His new status also sparked prosecutors in New York who, according to Wall Street Newspaper, are now looking for loans that Trump has made for several buildings, including the main one for his family business: the Trump Tower in Manhattan. The Trump Organization and the former president are still struggling to figure out how to deal with the hundreds of millions of dollars in estimated debt incurred, with maturity dates for these loans set to arrive within a few years.
In New York, both the Manhattan district attorney’s office and state attorney general Letitia James are investigating whether the Trump Organization has committed tax and insurance fraud by lying about the value of assets. The investigations spawned a separate court battle over prosecutor Cyrus Vance’s attempts to subpoena Trump’s tax returns. The case remains pending in the Supreme Court, but Vance reportedly has already obtained many of the statements by other means, according to Bloomberg.

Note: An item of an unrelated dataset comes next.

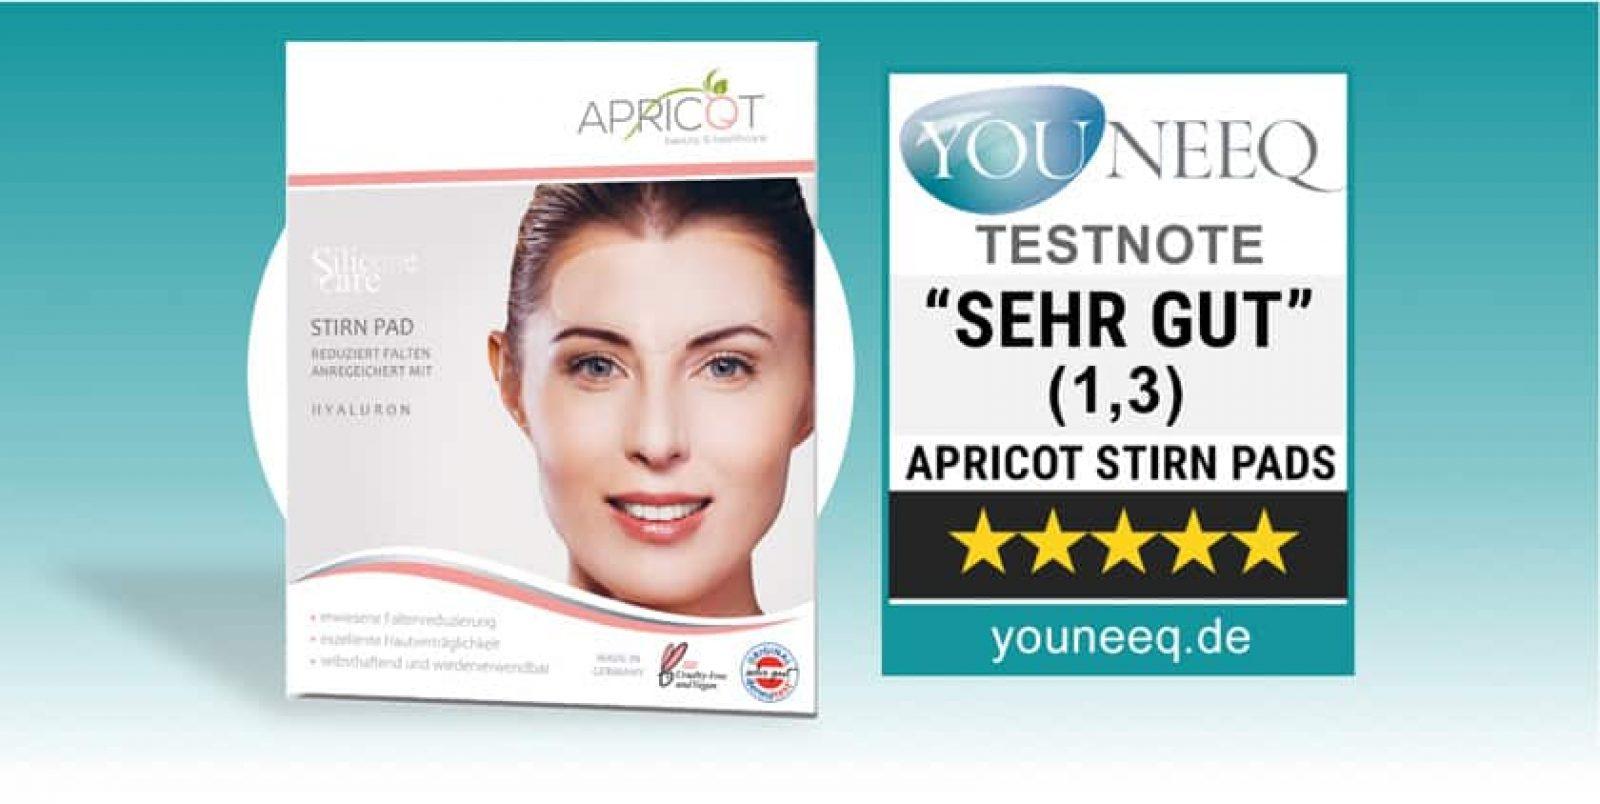 Apricot Stirn Pads Test Youneeq

The power of the post also gave former President Trump the ability to dodge the negative consequences of his alleged track record of sexual violence and harassment. Another source close to Trump says the former president continues to occasionally complain about the Me movement as well, denouncing it as one of the most destructive moves to gain national strength during his tenure at the White House.
A lawsuit filed by ex-journalist E. Jean Carroll alleging that Trump defamed her by calling her a liar – after she accused Trump of raping her in a New York department store in the 1990s – is still pending. Under Attorney General Bill Barr, the Justice Department tried to remove the case from the state court and place it in the federal court, where the department’s lawyers would handle the case on Trump’s behalf.
In addition, throughout the Trump administration, Summer Zervos, who was once a participant in Trump’s now extinct NBC reality show The Apprentice, was trying to depose Trump in a defamation suit. Towards the end of the 2016 presidential election, Zervos publicly accused the then-named Republican of sexually assaulting her, grabbing her breasts and “pushing[ing]”His“ genitals ”for her. While in office, the White House’s official position was that the many women who had officially declared accusing Trump of sexual misconduct or assault were simply lying.
At the beginning of last year, a New York court suspended the case, thus postponing any possible testimony of the then-incumbent President of the United States. But last week, Zervos and his lawyer formally asked a judge to allow her to continue the process, as he can no longer claim protection for the highest office in the country that his lawyers have long said have protected him from that deposition.
“[The] The defendant is no longer president. As a result, the defendant’s appeal is debatable, ”argued Zervos’ lawyer in the new lawsuit.